Considering my past history of serious binge drinking,which has landed me in detox a few times I think my liver is over the moon that I'm on Suboxone.
Cheers,
Subie


I too used to be one that would drink occasionally..and even in the end..got away from doing a binge "drunk"...I would drink 3 or 4 tops...just for a relaxing feel...but once I started Suboxone, I quit that even. There was beer in my fridge (like one or two from a six back), when I went on Suboxone full-force...and 9 months later, there was STILL a beer in my fridge, and the last one got poured down the sink..I remember 3 or 4 months after I started Suboxone, I opened one..took about 3 sips from it..and poured the rest out. So the last beer I had stayed in the fridge nearly a year before it was thrown away.

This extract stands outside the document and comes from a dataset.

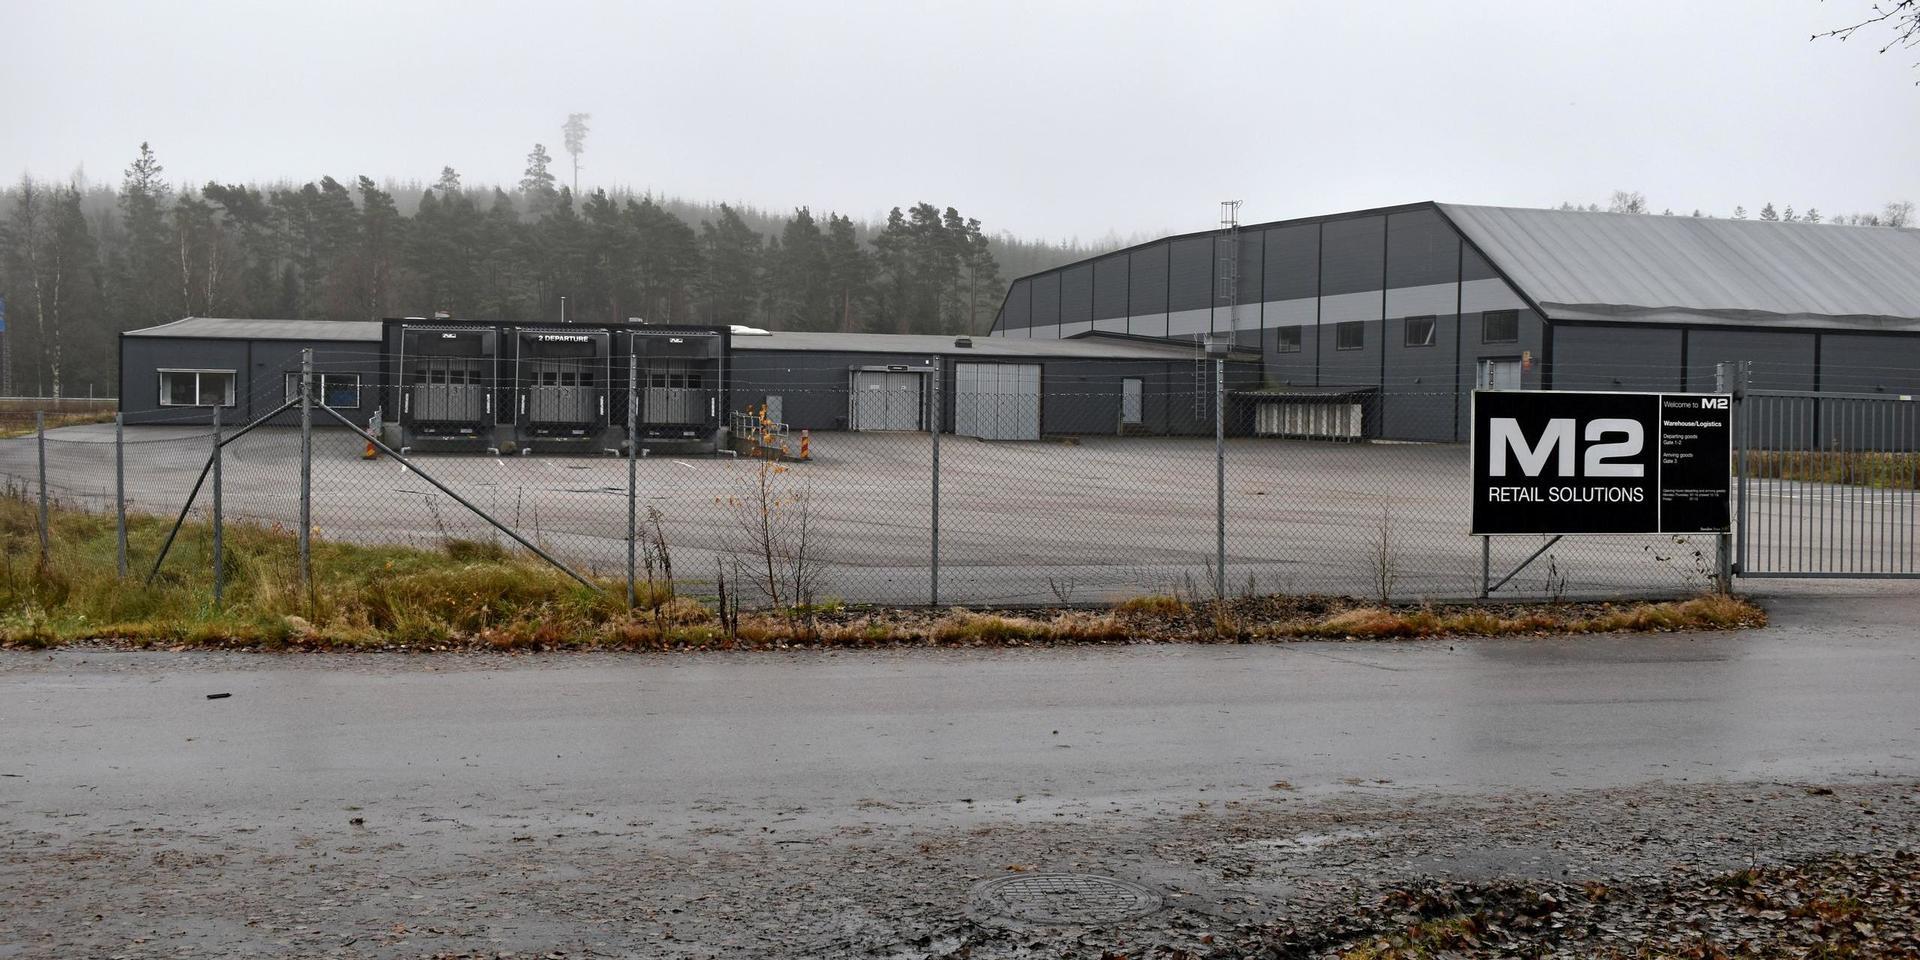 Purefun ska etablera sig i Torup och har köpt forna M2:s lagerlokal.

Just doesn't really appeal to me anymore...I have never been big on drinking..done it quite a bit...but never really got "hooked" into it. But now, when I was taking pills - and chasing pills -- i remember even bragging about eating my pills with a beer, just to "kick" the pill a bit and make it feel even better. So I would start out drinking a beer to take my lortabs..then I'd take more lortabs..drink more beer..take more tabs...etc.

Oh, the things that SHOULD have happened to me...but thank God I'm here to day to tell my story!